§ DATA SEGMENT

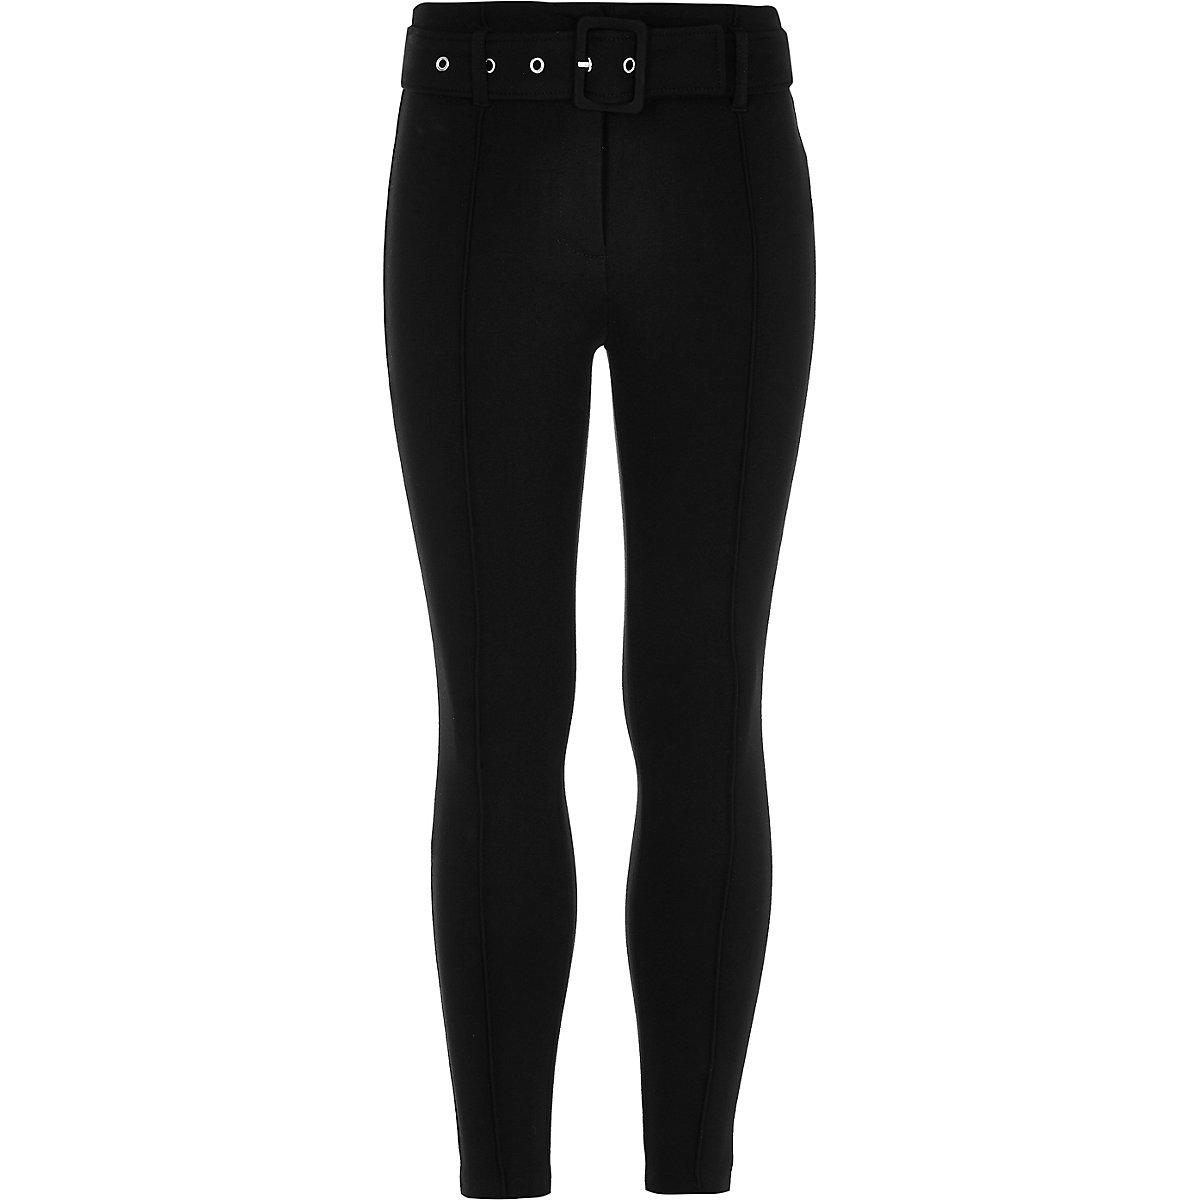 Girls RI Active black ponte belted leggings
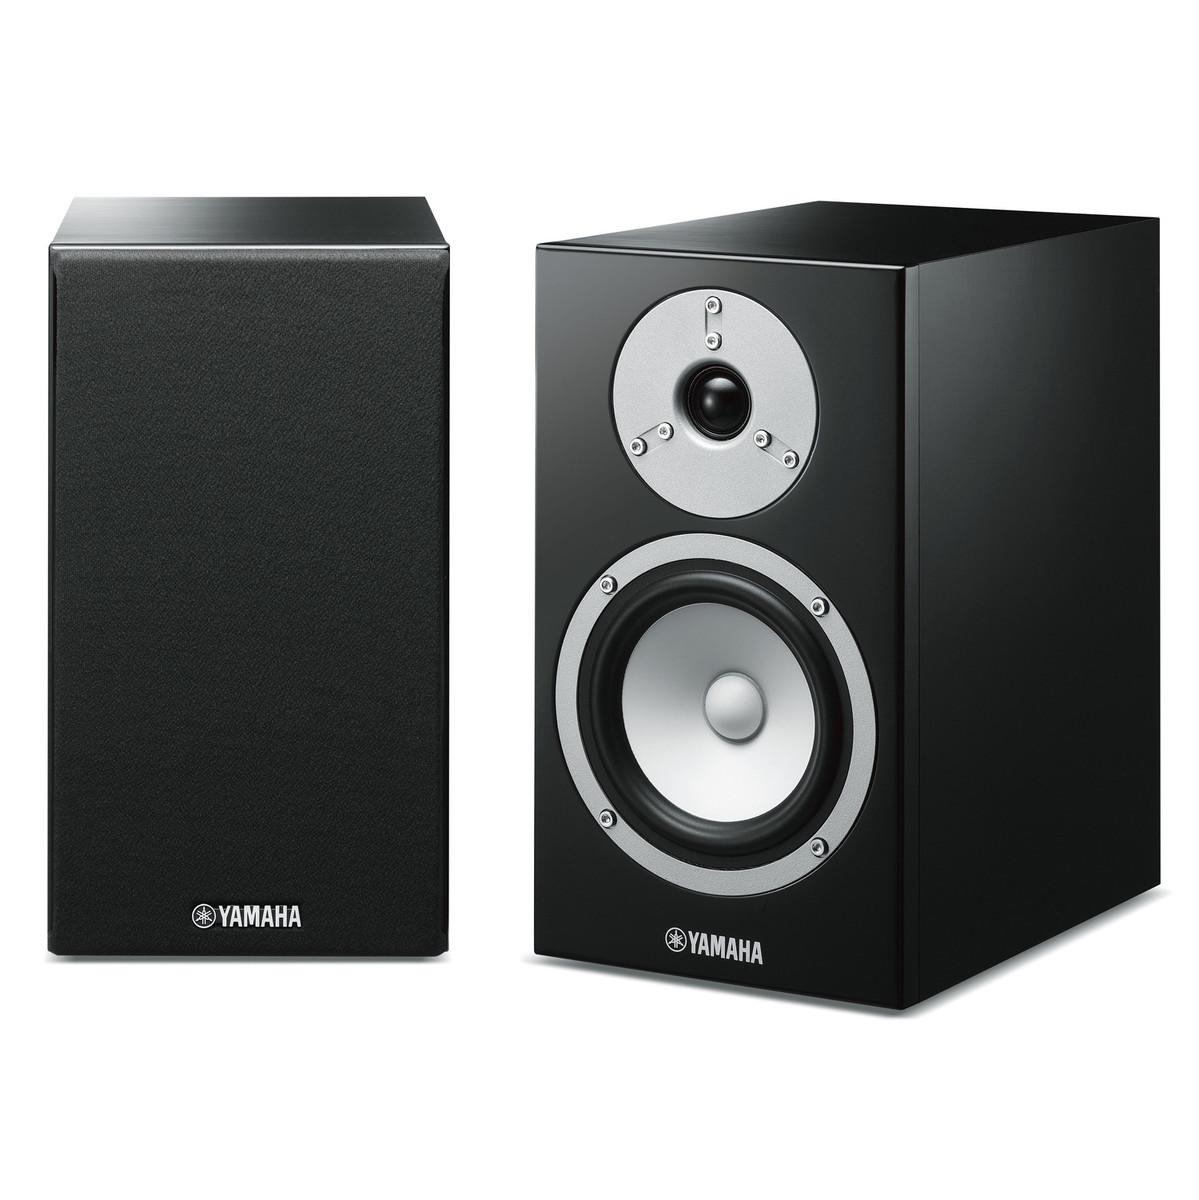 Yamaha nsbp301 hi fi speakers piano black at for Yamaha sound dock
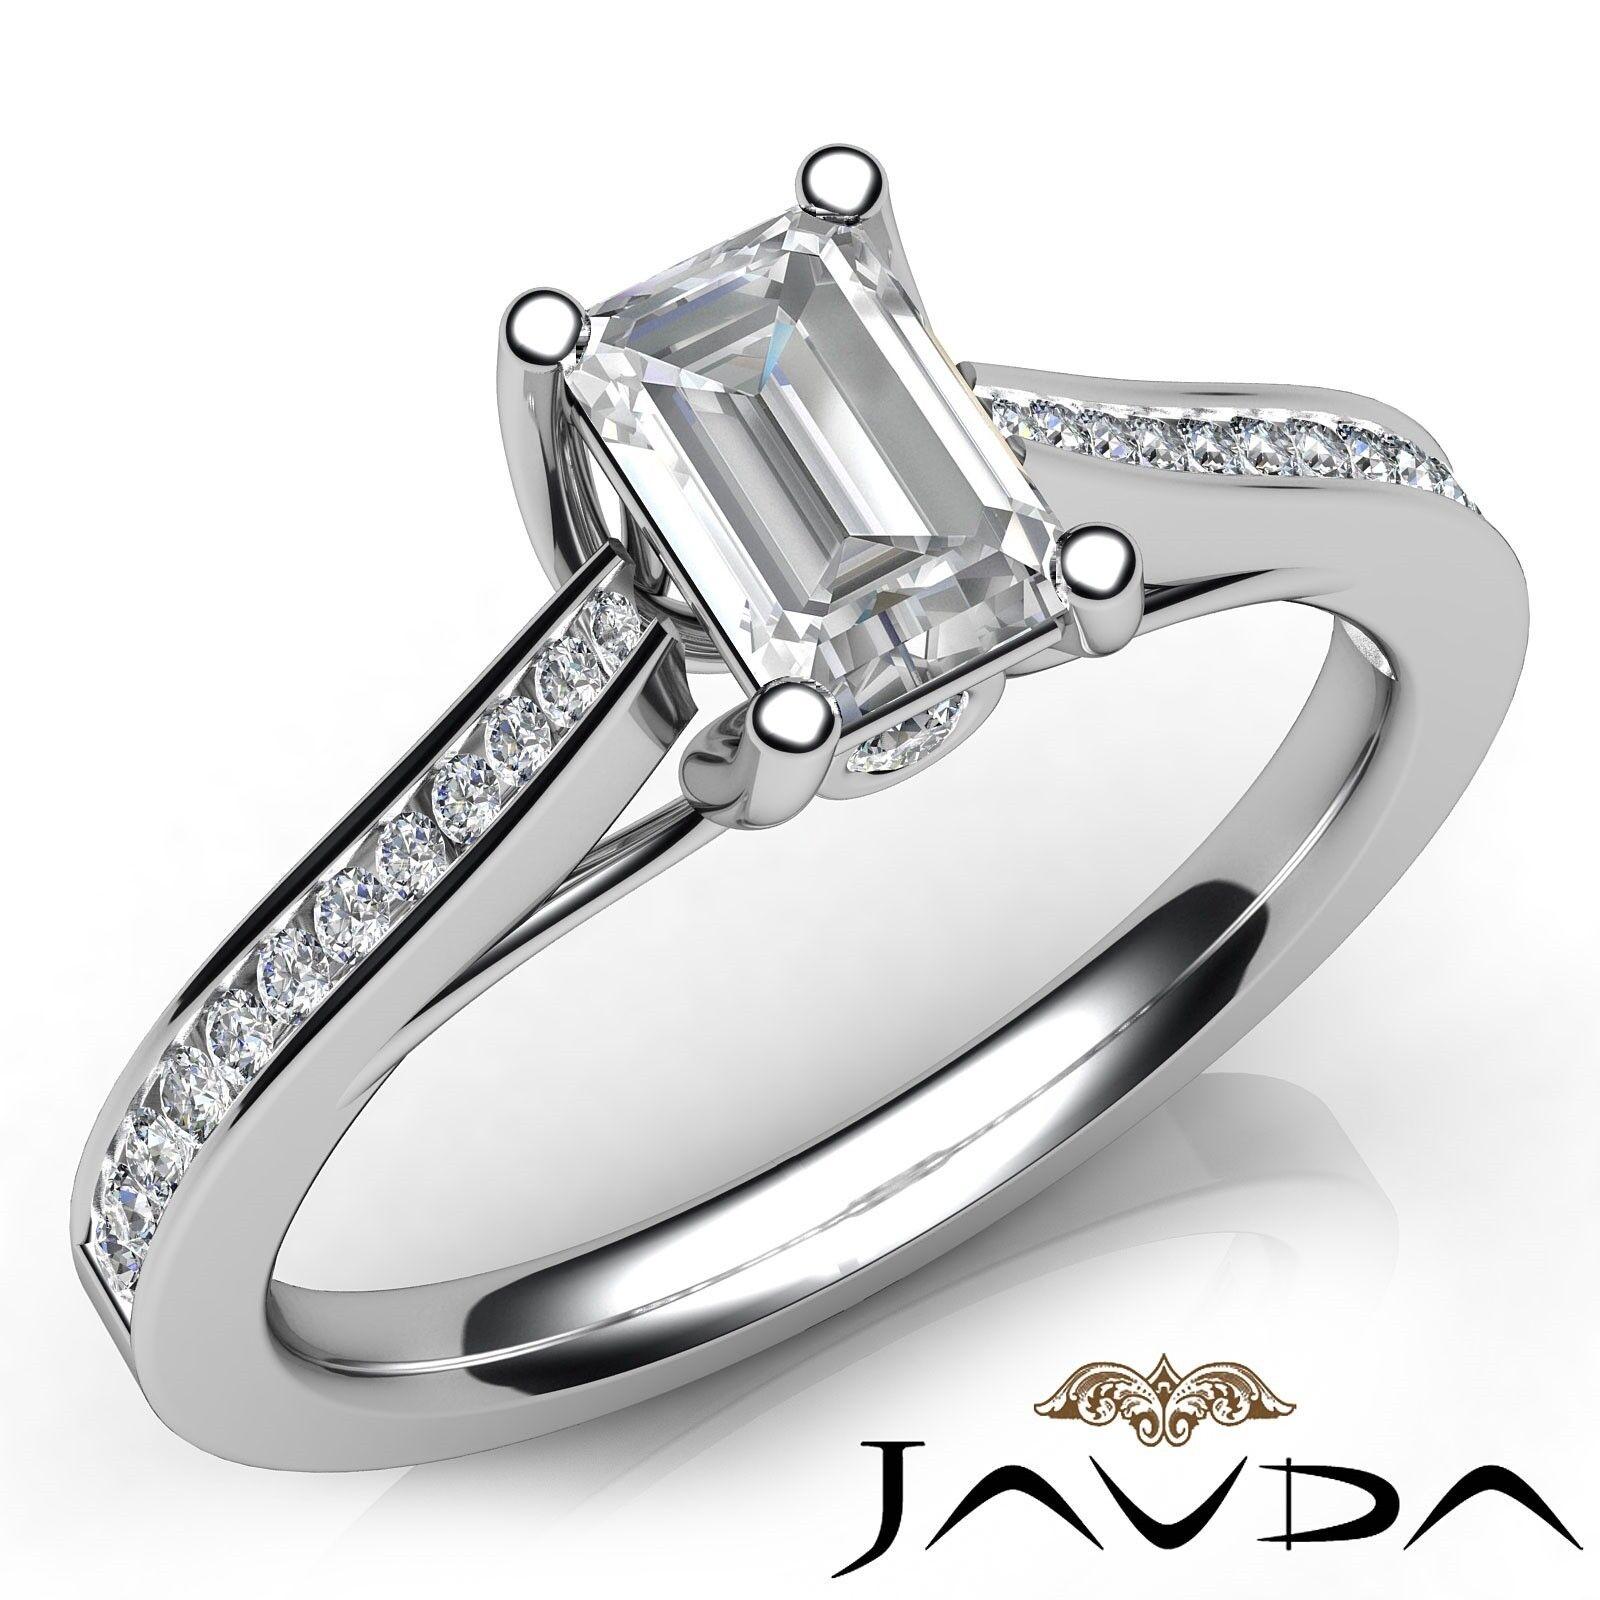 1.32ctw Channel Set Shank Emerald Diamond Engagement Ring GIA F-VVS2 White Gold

§ INSTRUCTIONS FOR THE TASK
Write out, word for word, the lines running from the one containing "Yamaha nsbp301 hi" to the end of the data above; the pictures are to be left out.

§ RESPONSE FOR THIS EXERCISE
 Yamaha nsbp301 hi fi speakers piano black at for Yamaha sound dock
 1.32ctw Channel Set Shank Emerald Diamond Engagement Ring GIA F-VVS2 White Gold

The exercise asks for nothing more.